An example of how an exp_design file could look like:

| Filename          | Poolname        | Pooldimension  |
| :---------------: | :-------------: | :------------: |
| column1.fastq     | column1         | columns        |
| column2.fastq     | column2         | columns        |
| row1.fastq        | row1            | rows           |
| row2.fastq        | row2            | rows           |
| platerow1.fastq   | platerow1       | platerows      |
| platerow2.fastq   | platerow2       | platerows      |
| platecol1.fastq   | platecol1       | platecols      |
| platecol2.fastq   | platecol2       | platecols      |

* -gb path to genbank reference file
* -br path to bowtie index files, ending with the basename of your index (if the basename of your index is UTI89 and you store your bowtie2 references in bowtie_ref it should be bowtie_ref/UTI89). Please visit https://bowtie-bio.sourceforge.net/bowtie2/manual.shtml#the-bowtie2-build-indexer for a manual how to create bowtie2 indices.
* -t transposon sequence (e.g. AGATGTGTATAAGAGACAG)
* -bu upstream sequence of barcode (e.g. CGAGGTCTCT)
* -bd downstream sequence of barcode (e.g.

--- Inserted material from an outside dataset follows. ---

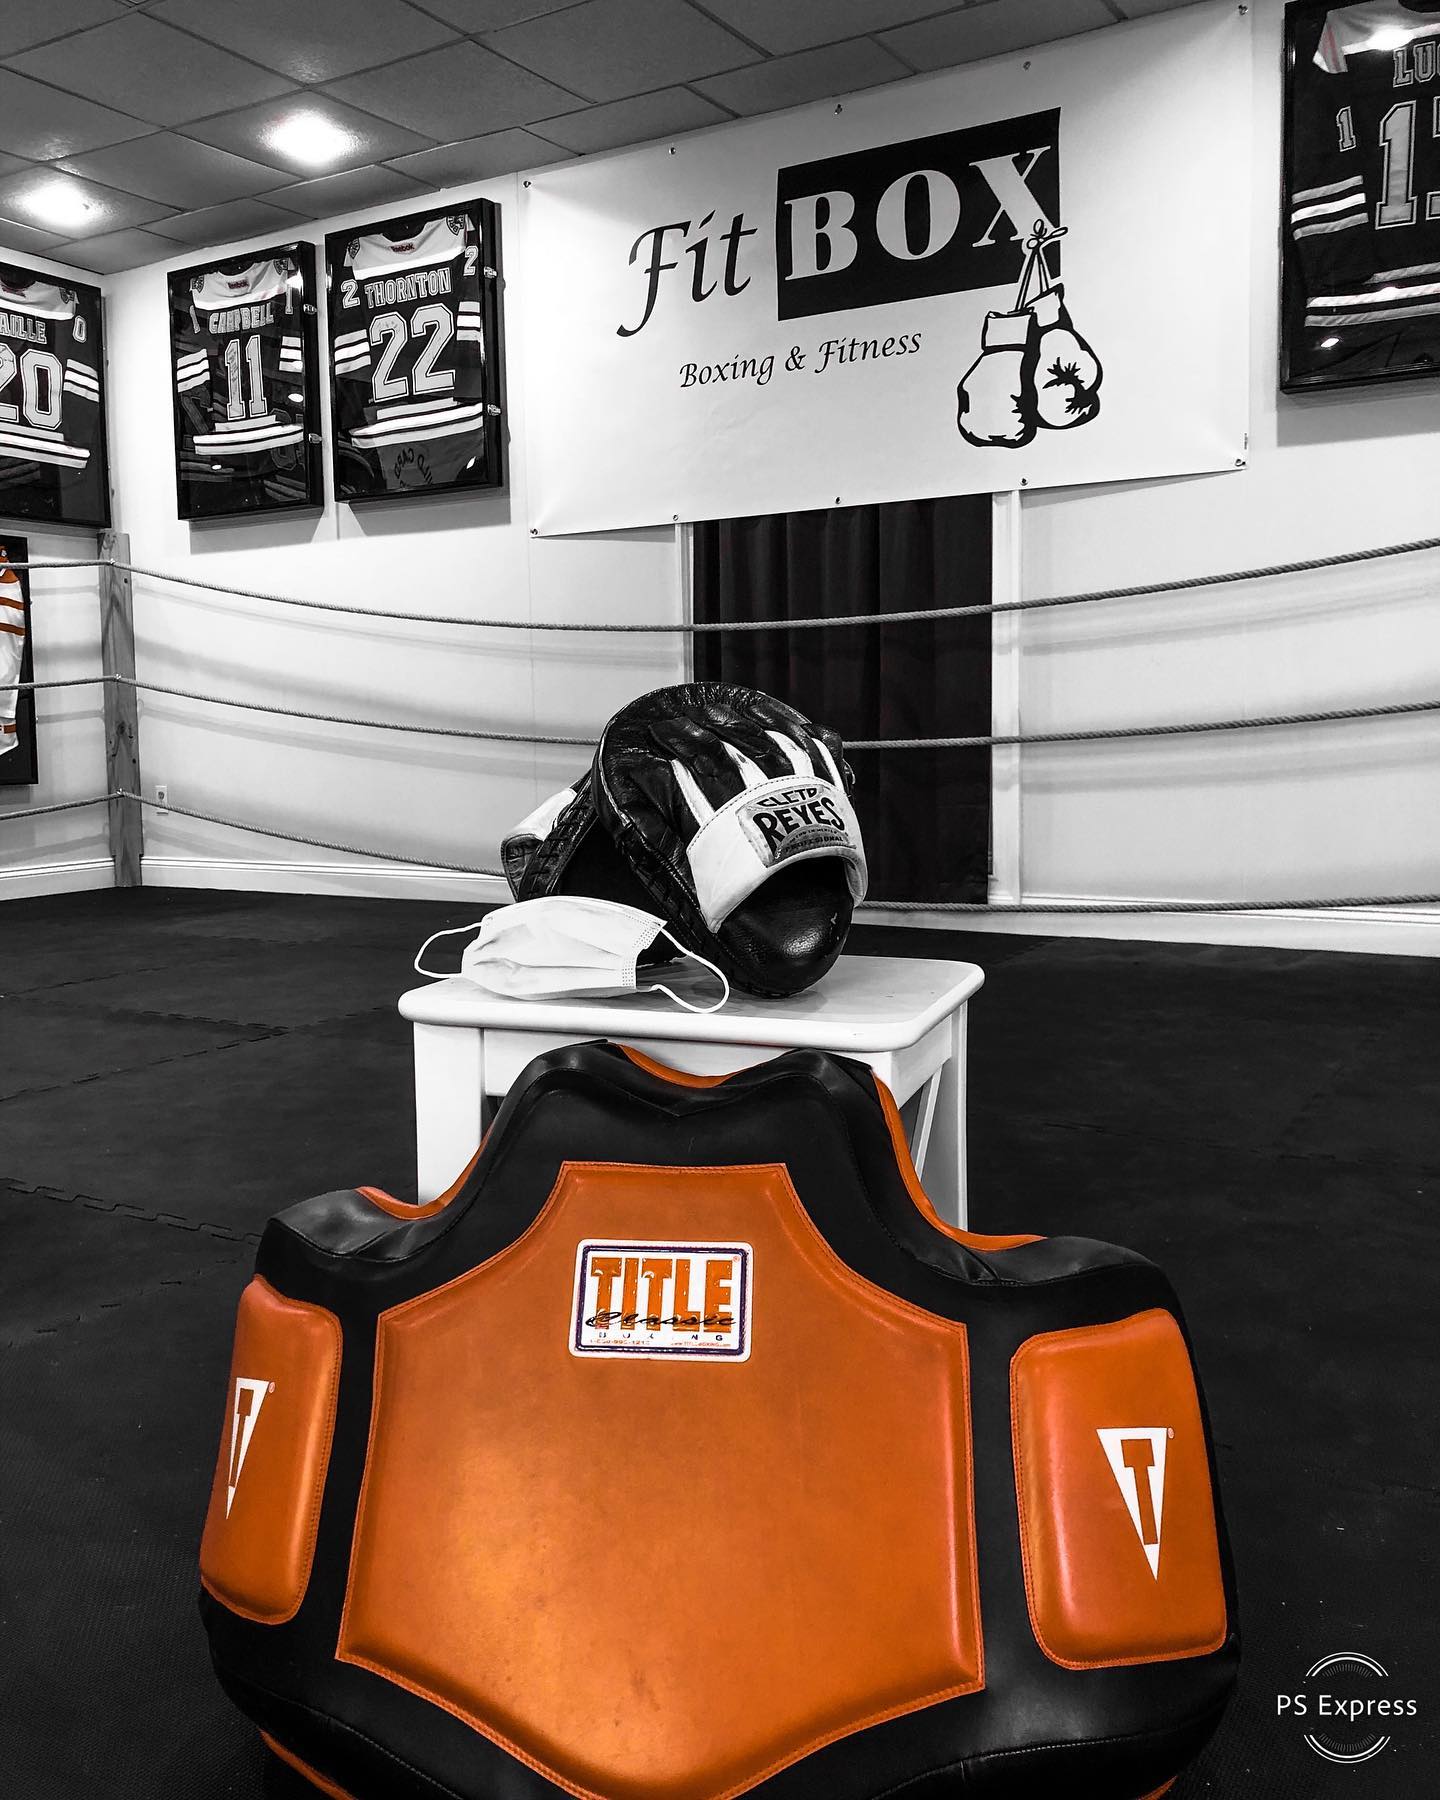 We offer all 1-on-1 boxing fitness workouts in our clean, safe boxing studio located in Dedham,Ma . If you are interested in trying a free boxing workout in a non-group setting contact us for more information at call/text (781)727-9503 or email FitBOX@outlook.com .

CGTACGCTGC)

Optional parameters:
* -mq minimum bowtie2 alignment quality score for each base to include read
* -sq minimum phred score for each base to include read
* -tm number of transposon mismatches allowed
* -thr threshold for local filter (e.g. a threshold of 0.05 would filter out all reads < 0.05 of the maximum read count for a given mutant)

## Output

`arraylib-solve` outputs 4 files: 
* count_matrix.csv: Read counts per pool for each mutant.
* filtered_matrix.csv: Read counts per pool for each mutant, but mutants with barcodes with low read counts for a given genomic location are filtered out.
* mutant_location_summary.csv: A summary of mutants found in the well plate grid, where each row corresponds to a different mutant.
* well_location_summary.csv: A summary of the deconvolved well plate grid, where each row corresponds to a different well.



# References
<a id="1">[1]</a> 
Baym, M., Shaket, L., Anzai, I.A., Adesina, O. and Barstow, B., 2016. Rapid construction of a whole-genome transposon insertion collection for Shewanella oneidensis by Knockout Sudoku. Nature communications, 7(1), p.13270.\
<a id="2">[2]</a> 
Langmead, B. and Salzberg, S.L., 2012. Fast gapped-read alignment with Bowtie 2. Nature methods, 9(4), pp.357-359.